ABOUT THIS TASK - Reproduce everything from the line that contains "FRENCH ART DECO SIDEBOARD IN AMBOYNA" down to the line that contains "This exquisite French" in the listing below, word for word and nothing more. Leave the pictures out.

DATA RECORDS -
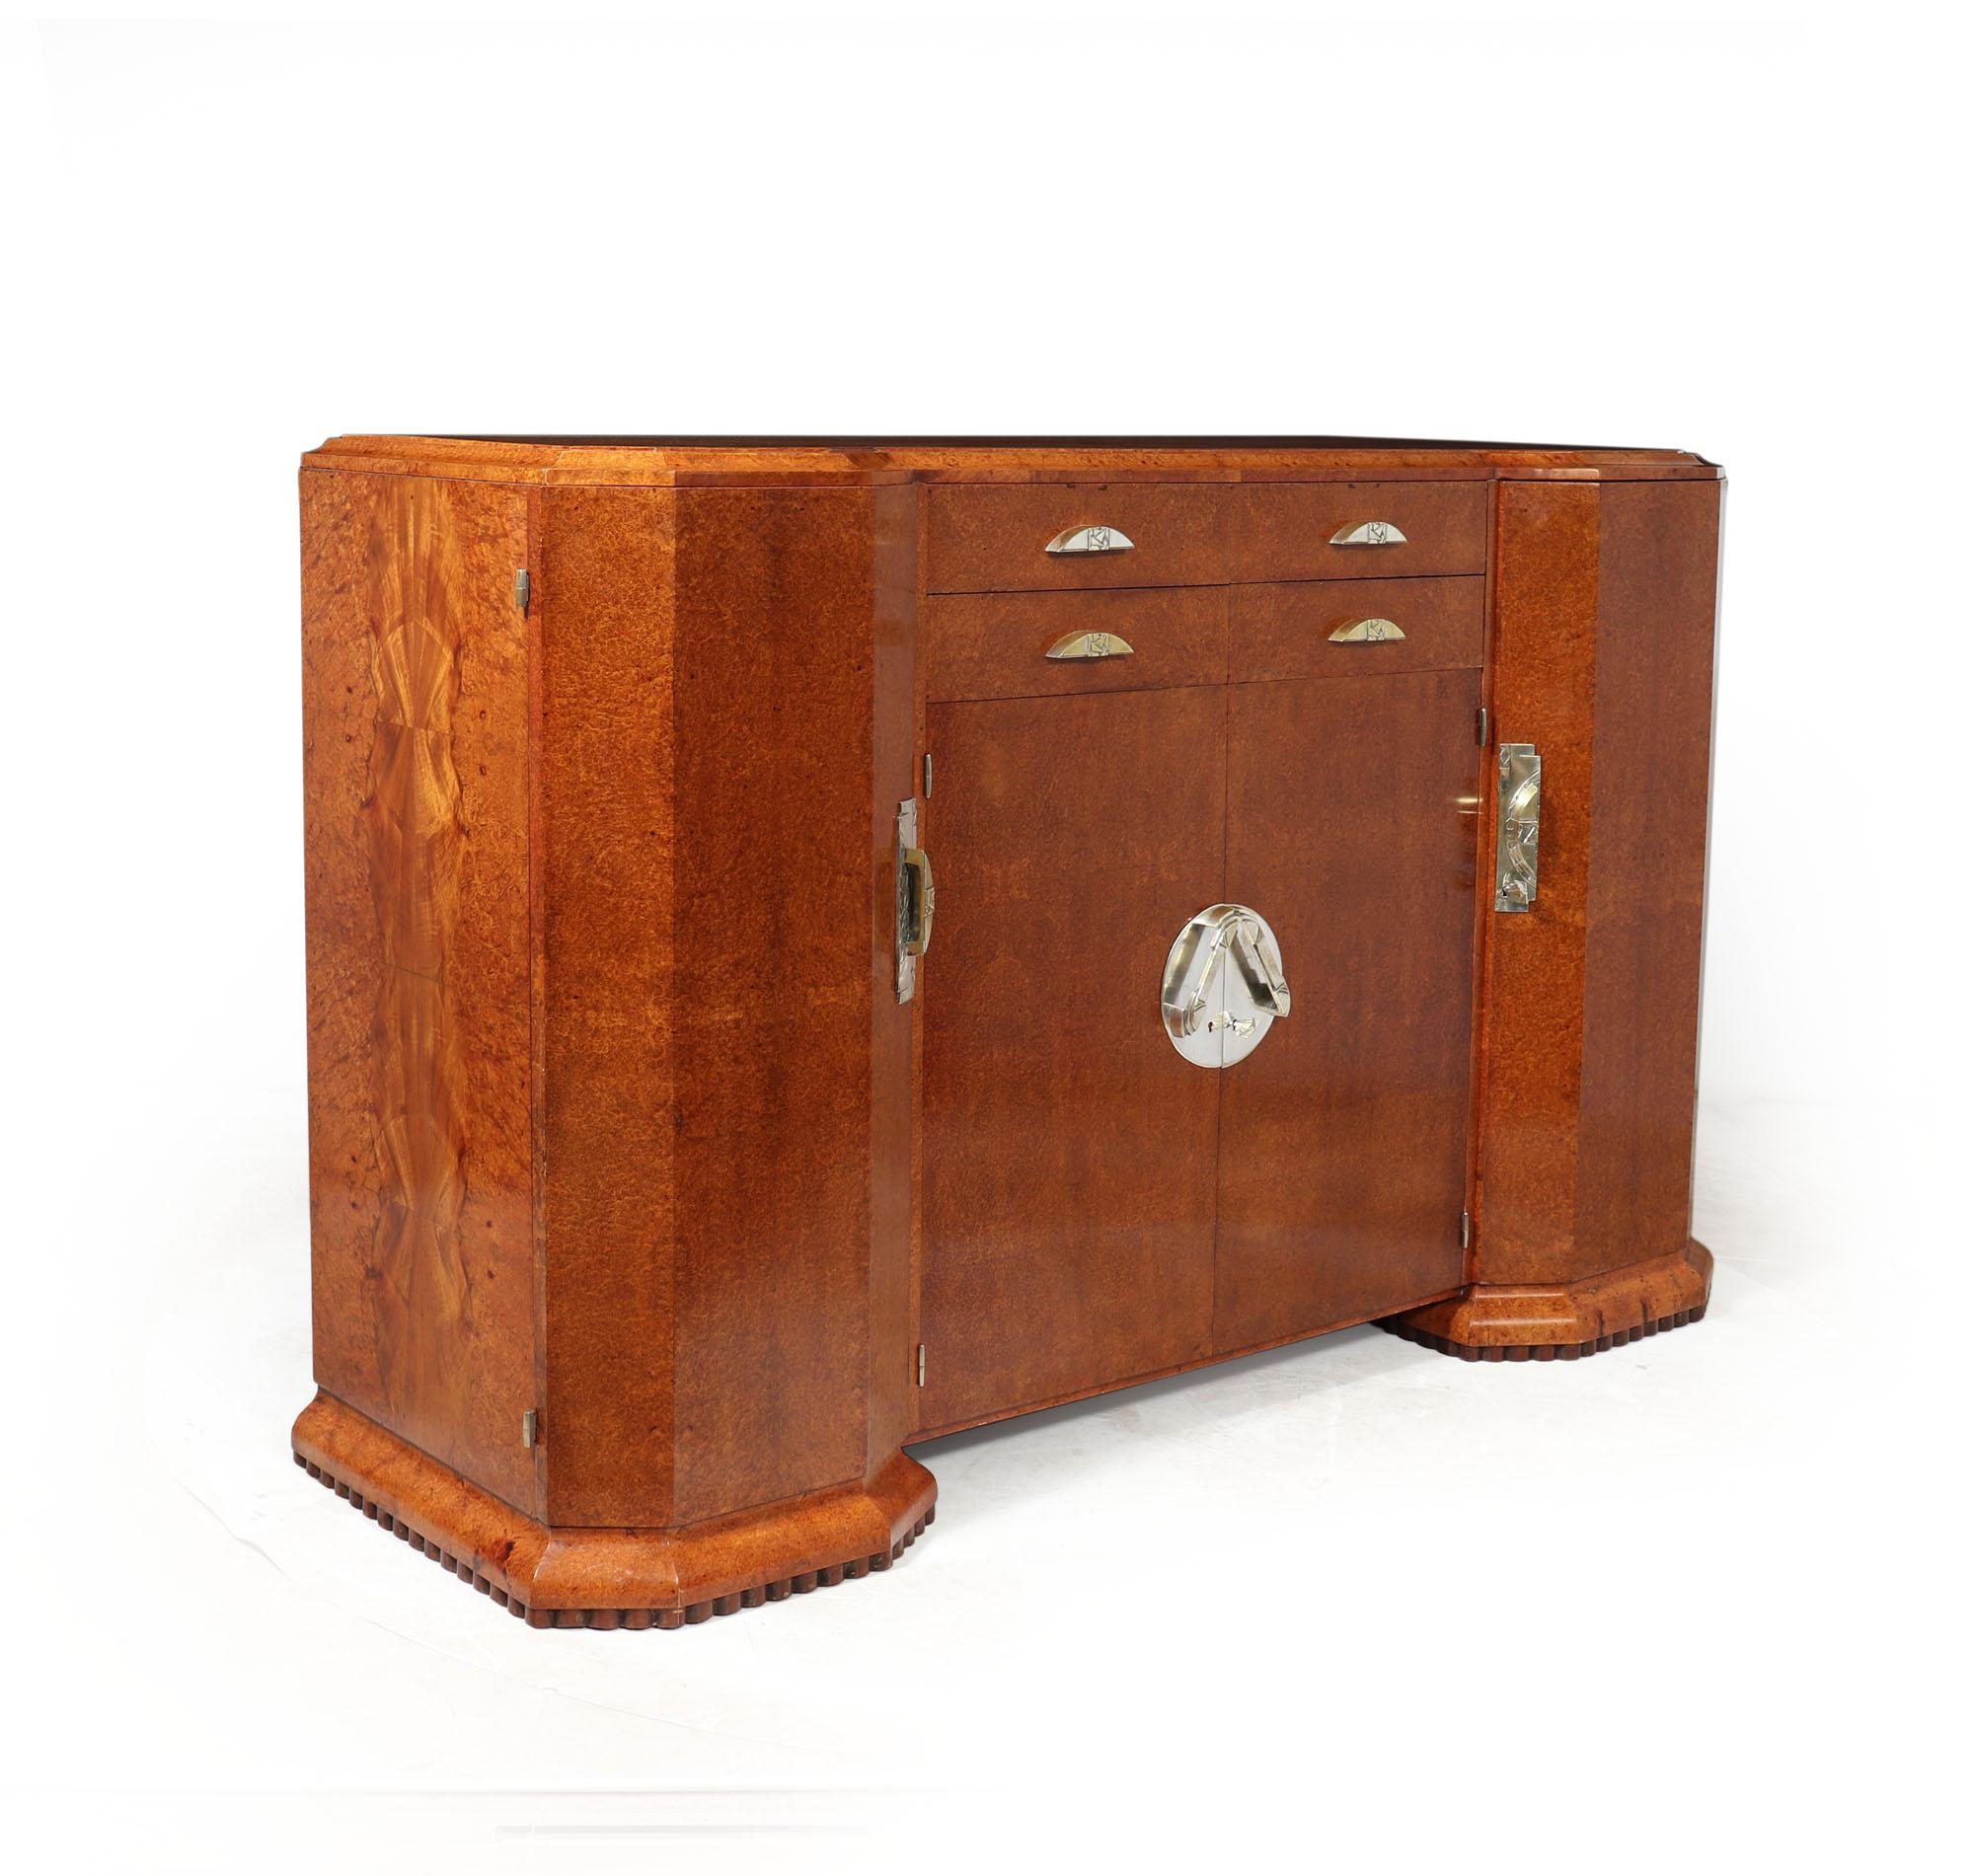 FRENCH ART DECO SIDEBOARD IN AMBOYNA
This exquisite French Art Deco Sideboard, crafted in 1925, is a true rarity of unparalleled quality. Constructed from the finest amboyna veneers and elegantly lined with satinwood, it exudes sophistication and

...

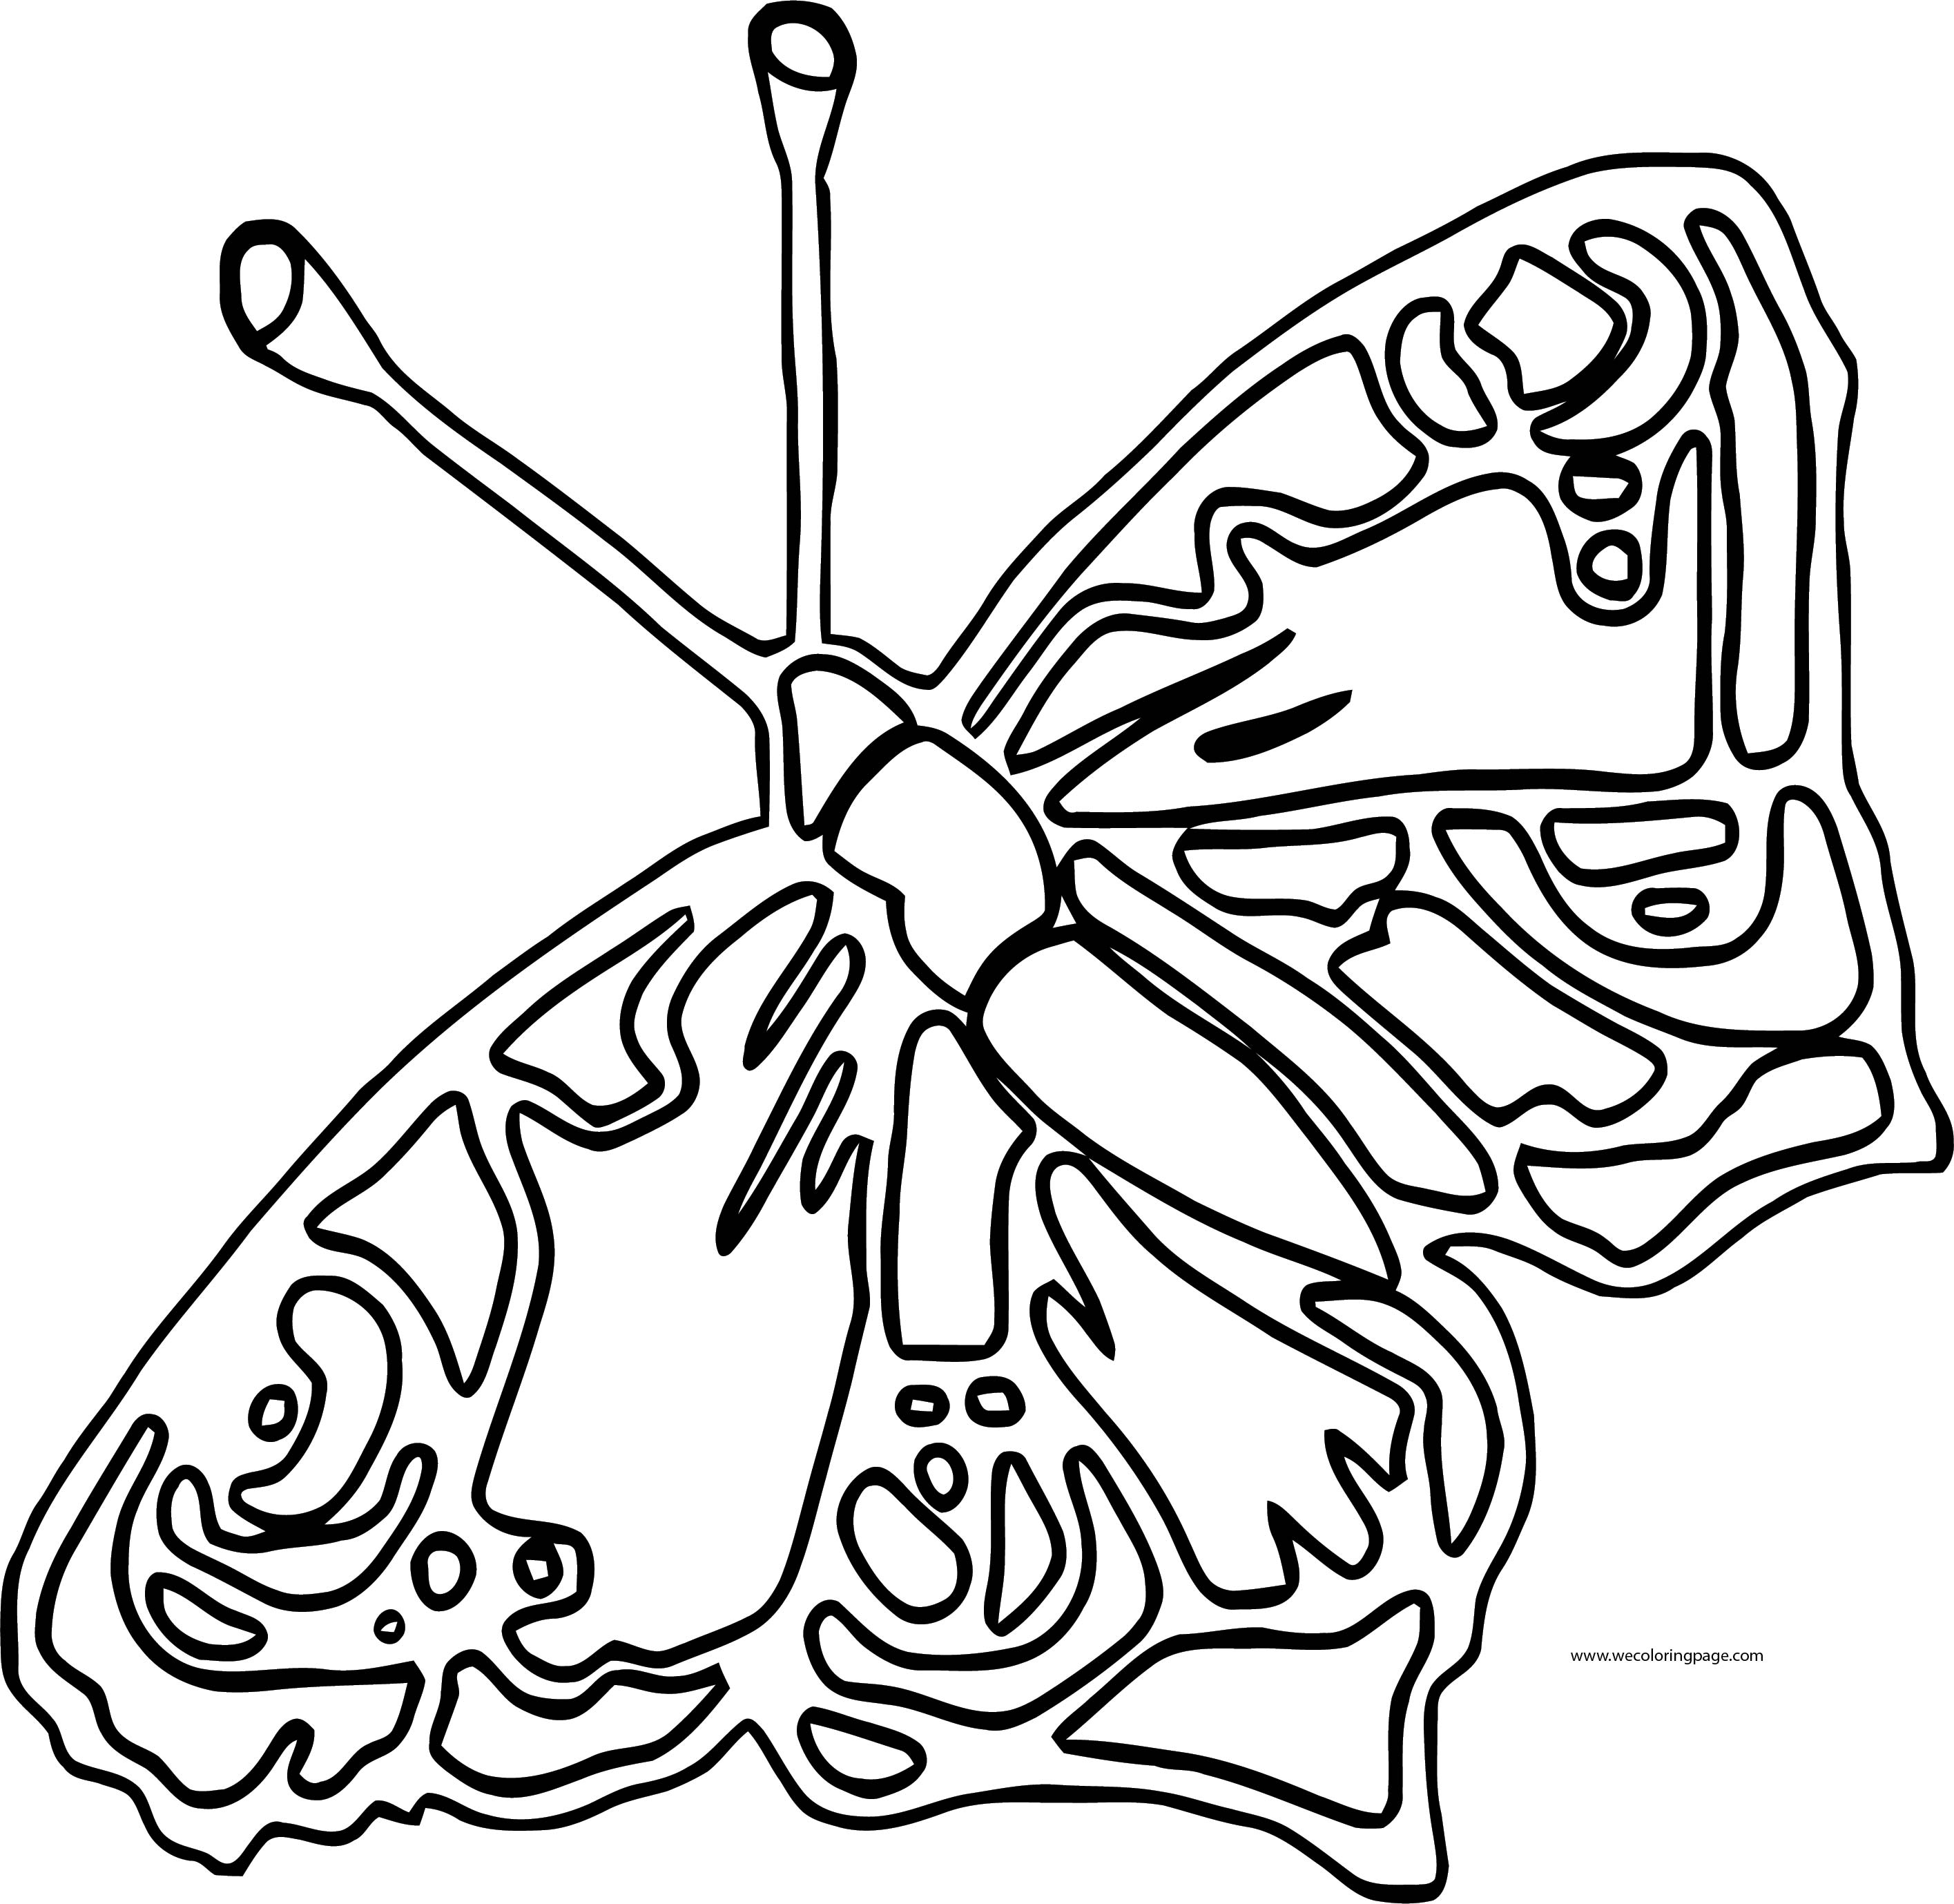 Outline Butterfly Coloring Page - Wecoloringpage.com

OUTPUT OF THE TASK -
 FRENCH ART DECO SIDEBOARD IN AMBOYNA
This exquisite French Art Deco Sideboard, crafted in 1925, is a true rarity of unparalleled quality. Constructed from the finest amboyna veneers and elegantly lined with satinwood, it exudes sophistication and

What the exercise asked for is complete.